Children exposed to general anesthesia, GA are at 17 percent increased risk of poor development as compared to those unexposed to general anesthesia, according to the new finding published in Pediatric Anesthesia, based on a data-linkage study of over 210,000 children.
Professor Natasha Nassar of the University of Sydney and his associates conducted a study to compare the developmental and school results of children exposed to general anesthesia during hospital procedures (37,880) up to 48 months of age to same-aged children with no exposure to general anesthesia or hospitalization (197,301).
Key points recorded :
Compared to children unexposed to general anesthesia, those exposed to general anesthesia had a:
- 17 percent increased the risk of poor child development
- 34 percent increased the risk of lower numeracy scores on school tests
- 23 percent increased the risk of lower reading scores on school tests
The 211,978 children included in the study were born in New South Wales at 37-plus weeks’ gestation without major congenital anomalies or neurodevelopmental disability. Of these, researchers had data on their school entry developmental assessment in 2009, 2012, or their Grade-3 school test results in 2008-2014
Professor Natasha Nassar said that there are many reasons why a child requires surgery or investigation, and, in some cases, this may be lifesaving or unavoidable and for these children, the findings of the study suggest that it is important to follow-up and monitor their literacy and numeracy skills when they reach school, and ensure early intervention, if required.

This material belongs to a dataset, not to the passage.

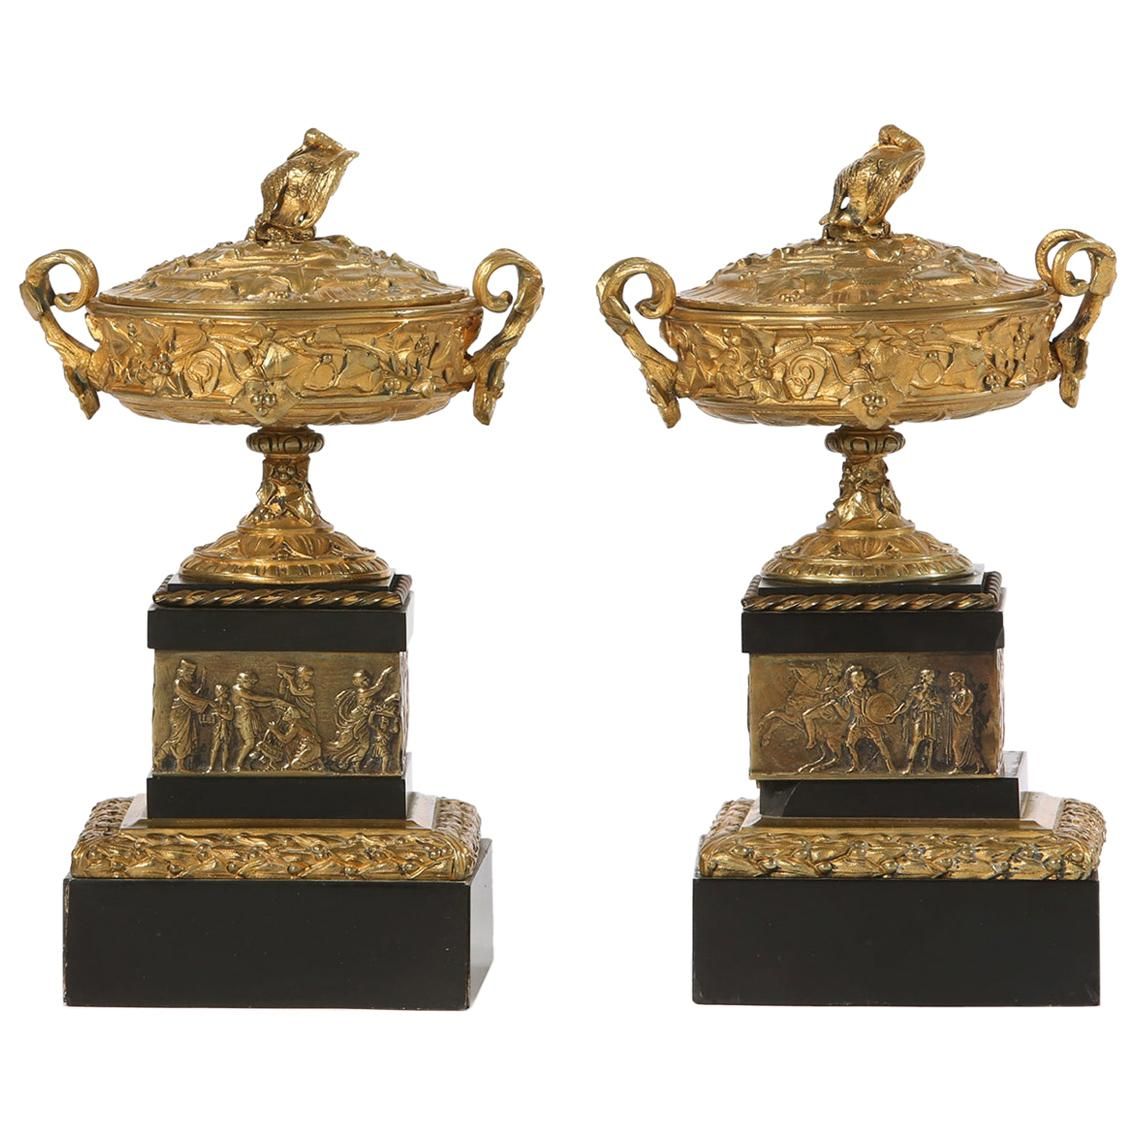 19th Century Gilt Bronze / Marble Pair of Urns
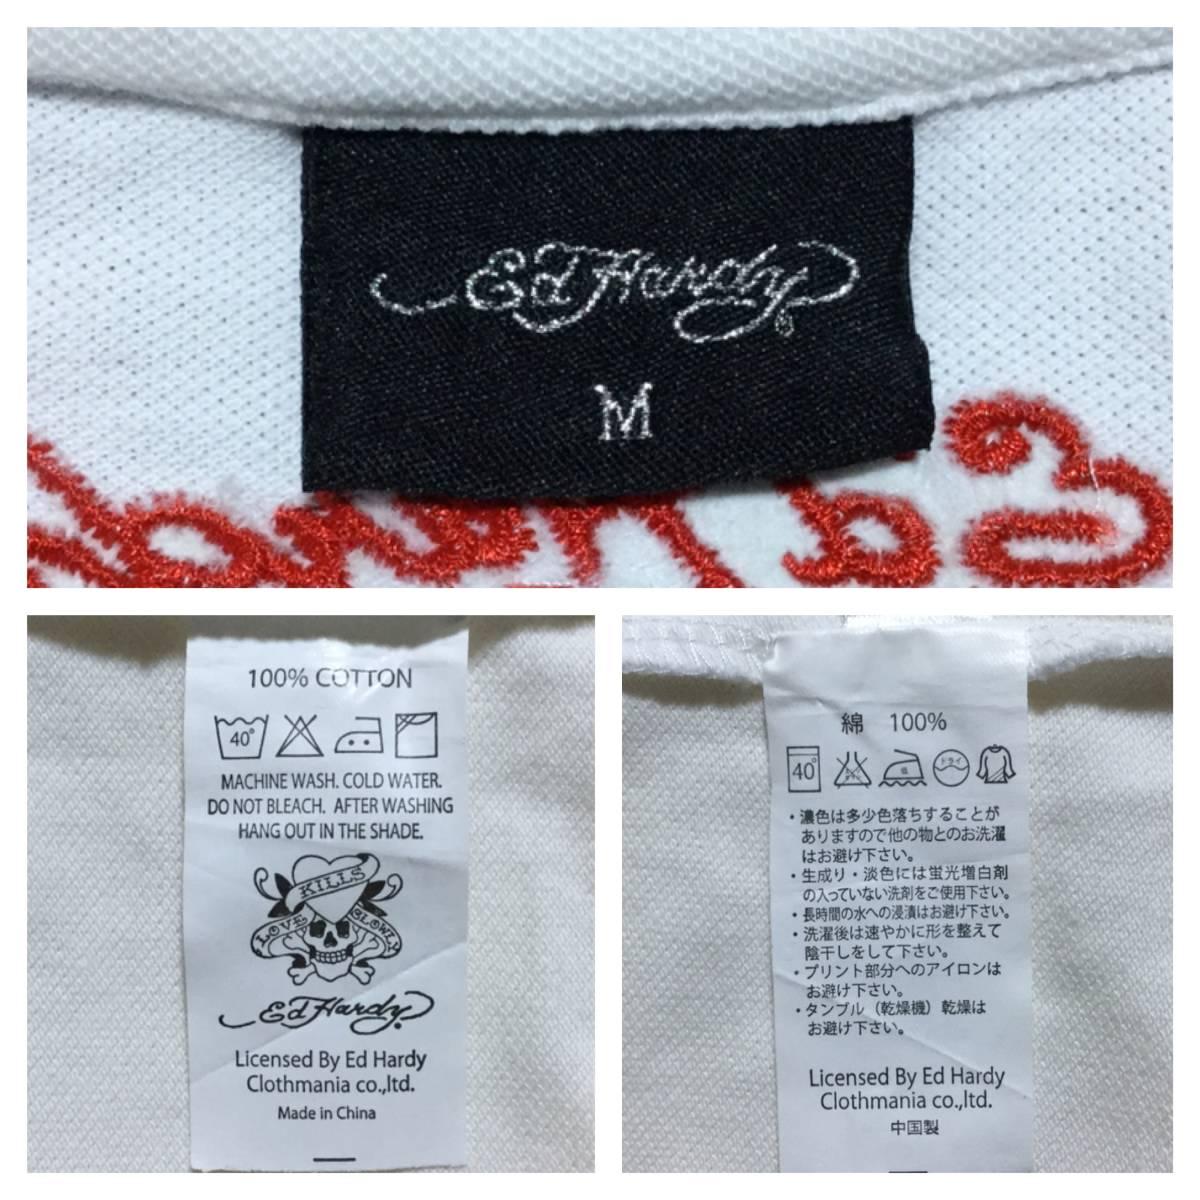 ED HARDY エドハーディー // 刺繍 プリント 半袖 ポロシャツ (白) サイズ M_画像5

There are some procedures where alternative approaches or management may be possible, but the majority of surgeries in young infants and children cannot easily be postponed.” said Dr. Skowno, co-author of the study.
Dr. Skowno also said that parents can certainly discuss with their doctor and explore whether these procedures can be avoided, combined with other procedures, delayed to older ages or treated with alternatives to surgery, or other methods of sedation.
The study emphasizes further investigation of the specific effects of general anesthesia on numeracy skills particularly among children exposed to the previous or long duration of general anesthesia or with repeated hospitalizations.